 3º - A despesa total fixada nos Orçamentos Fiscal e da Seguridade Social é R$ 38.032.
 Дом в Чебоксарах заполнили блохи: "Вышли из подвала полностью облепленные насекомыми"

########

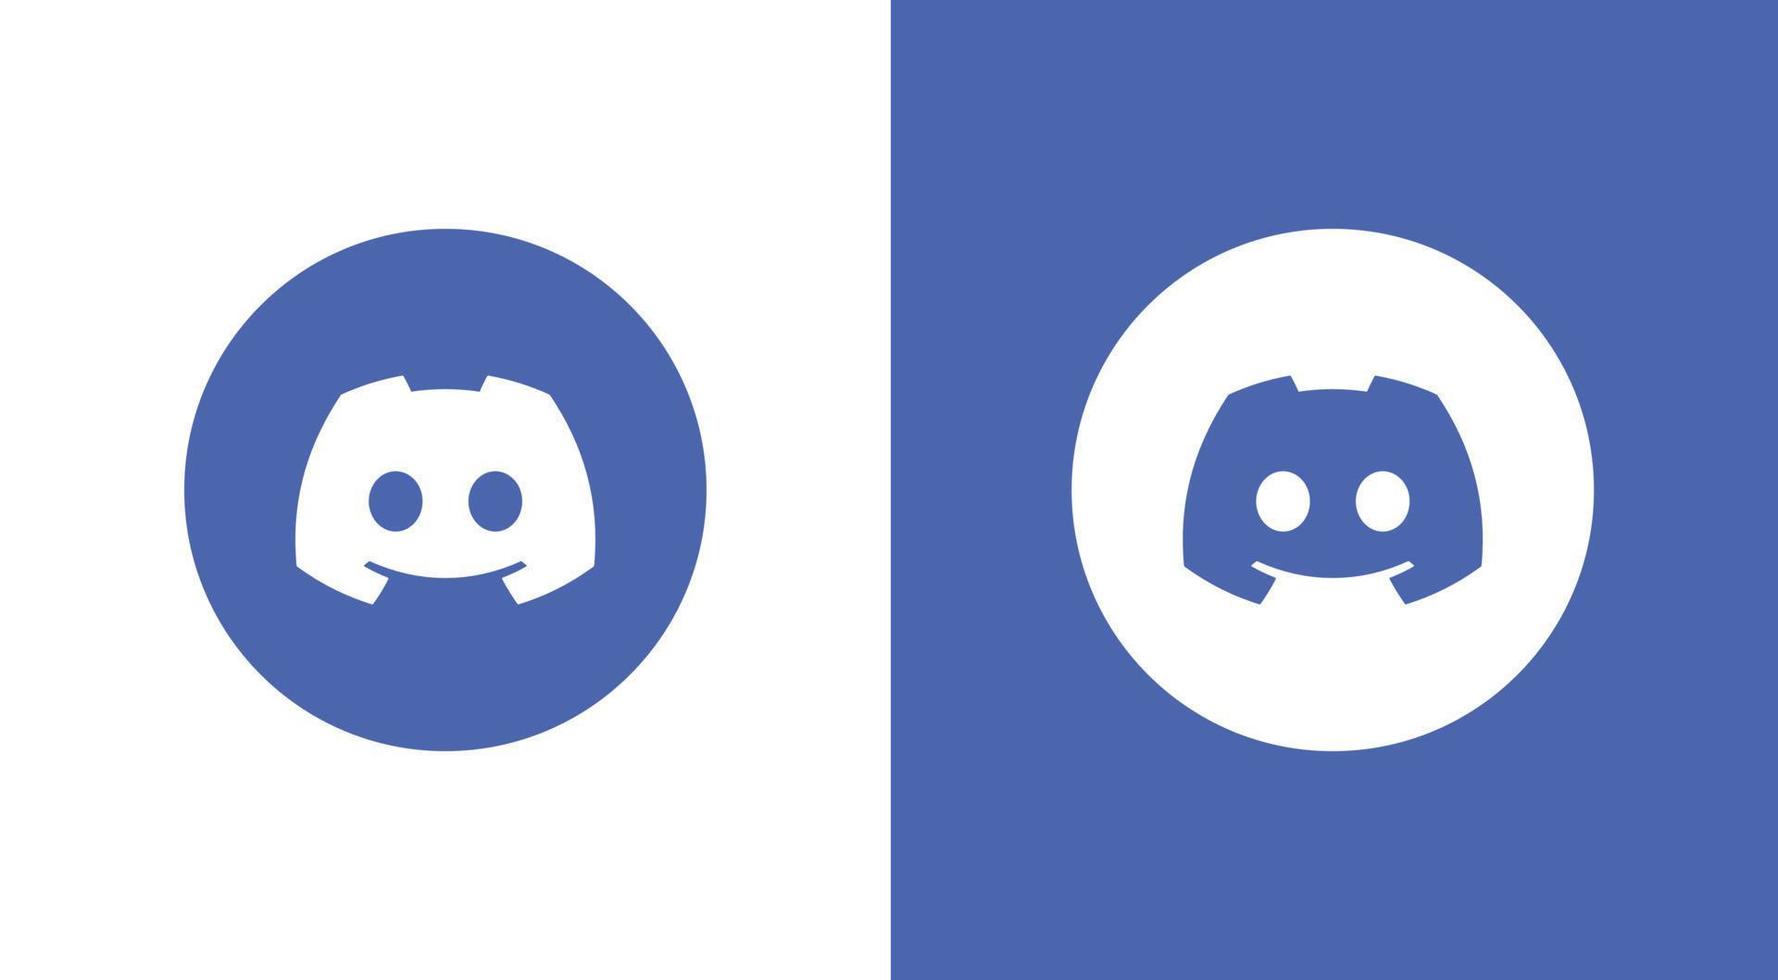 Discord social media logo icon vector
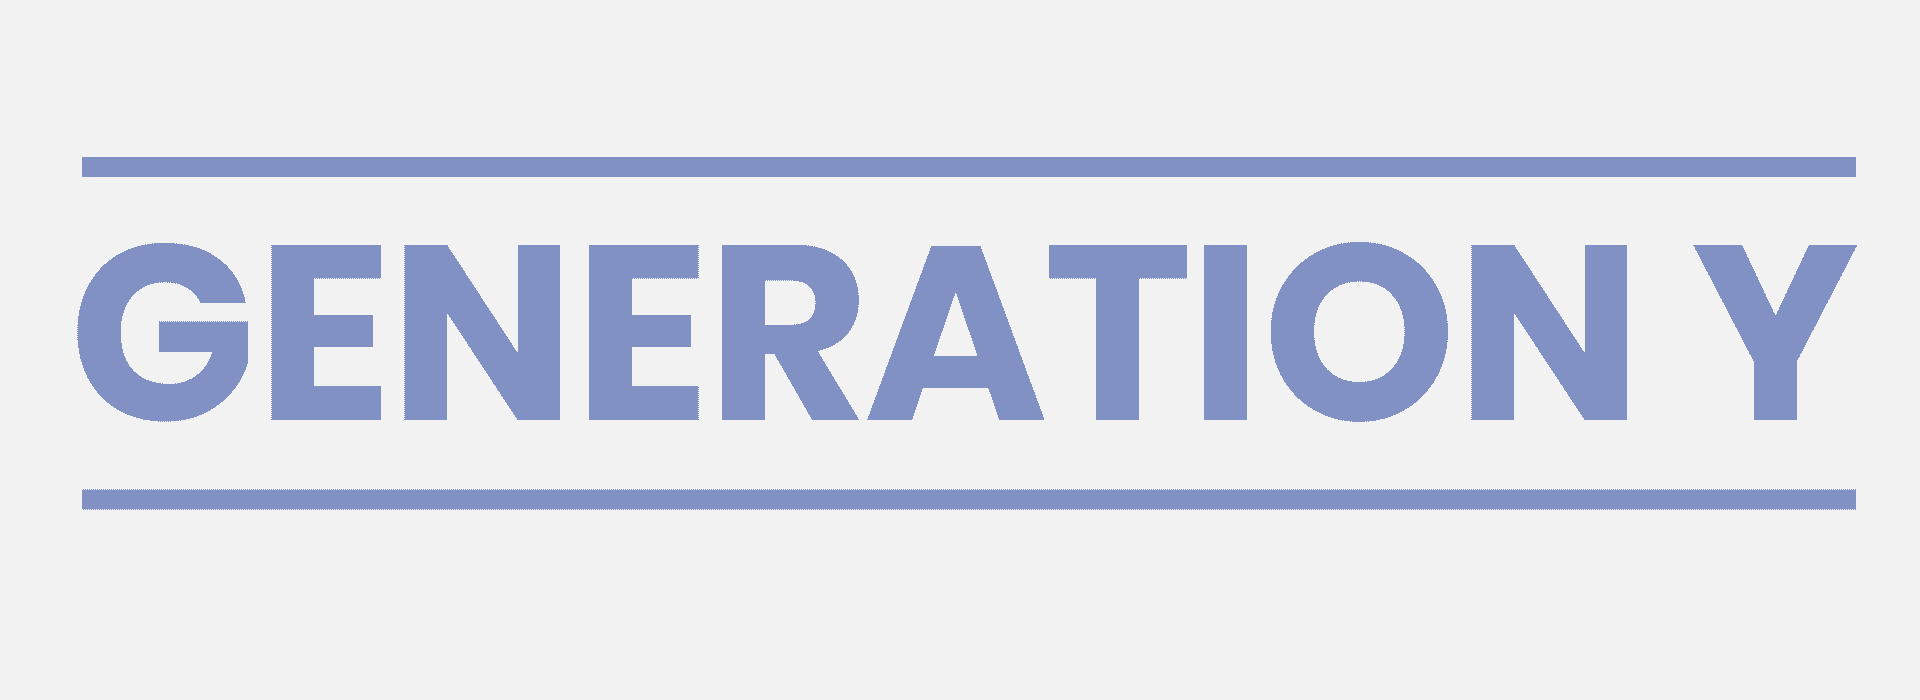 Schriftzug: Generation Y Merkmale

########

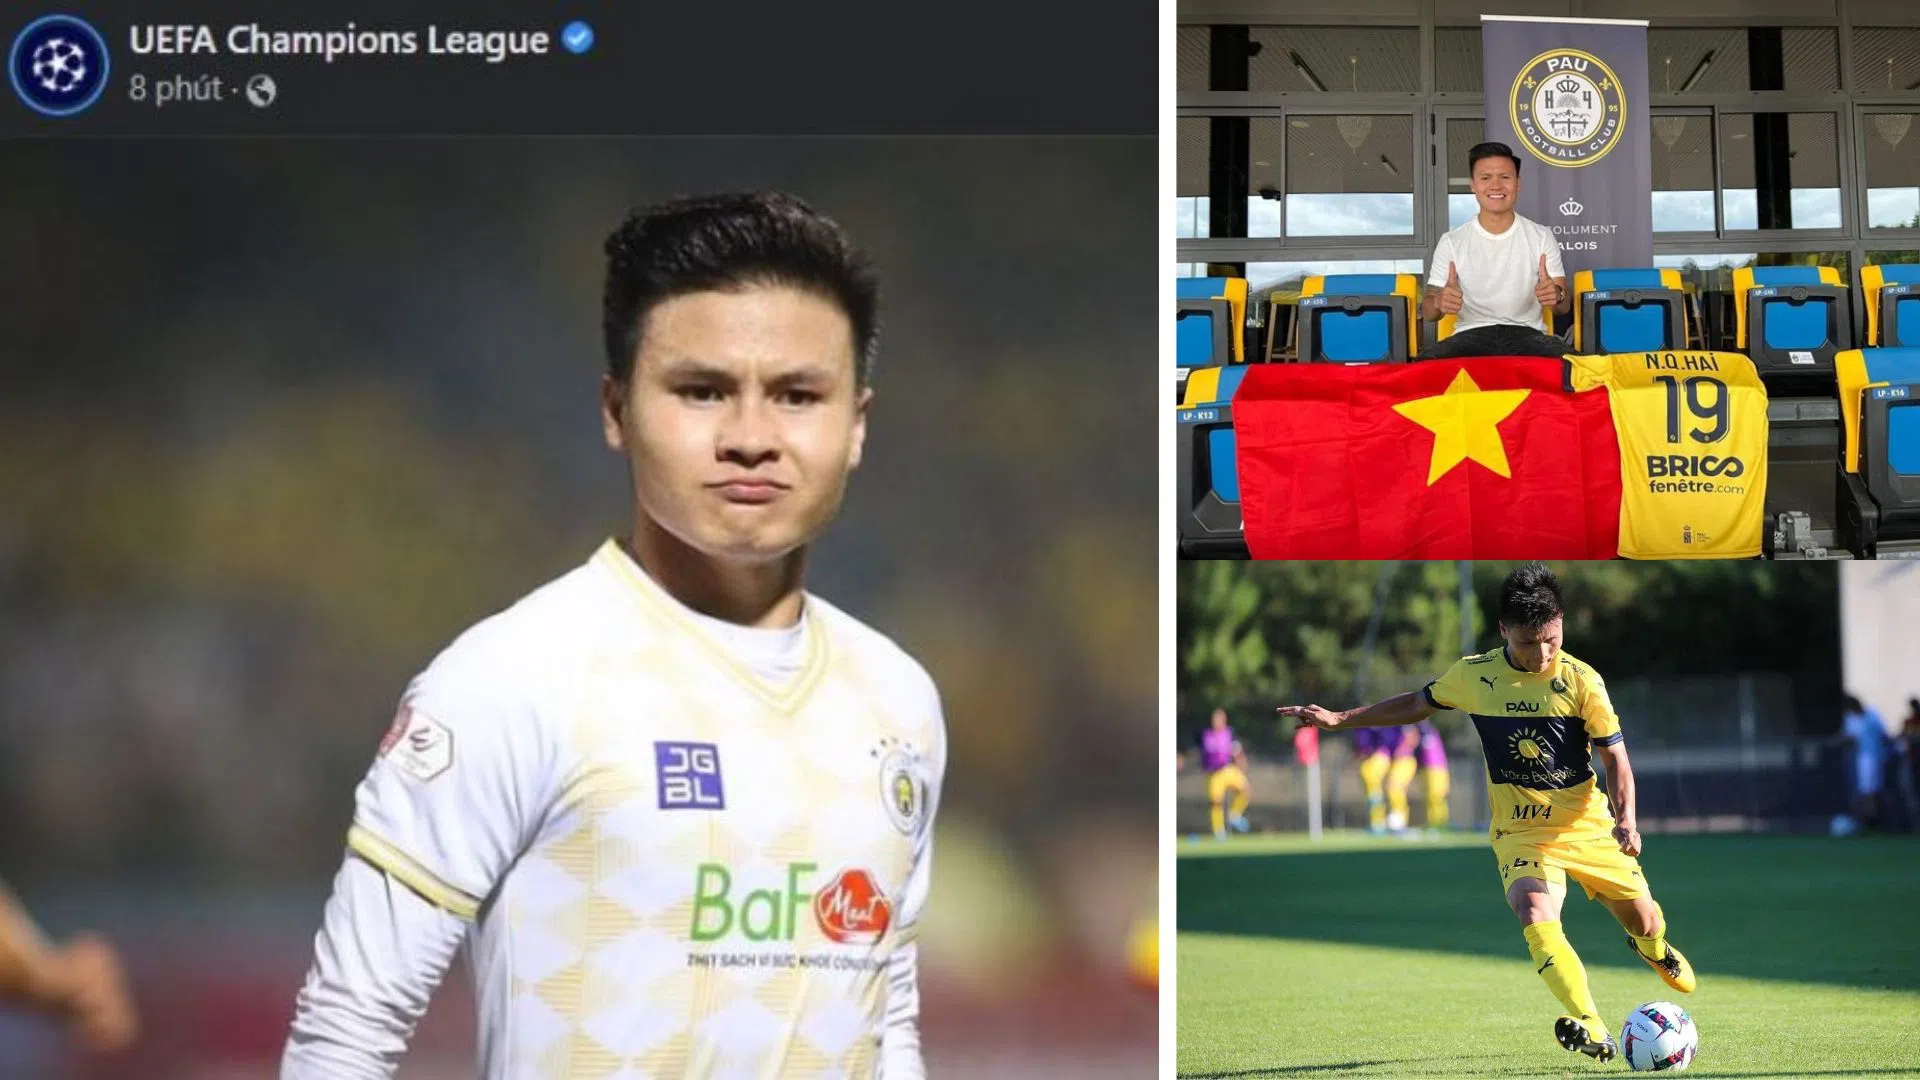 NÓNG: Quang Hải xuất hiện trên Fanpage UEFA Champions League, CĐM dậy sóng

########

▸ Exercise description: What you give back must be the stretch above, starting at the line with "3º - A despesa" and ending at the line with "Дом в Чебоксарах", copied exactly.

▸ Task output:
 3º - A despesa total fixada nos Orçamentos Fiscal e da Seguridade Social é R$ 38.032.
 Дом в Чебоксарах заполнили блохи: "Вышли из подвала полностью облепленные насекомыми"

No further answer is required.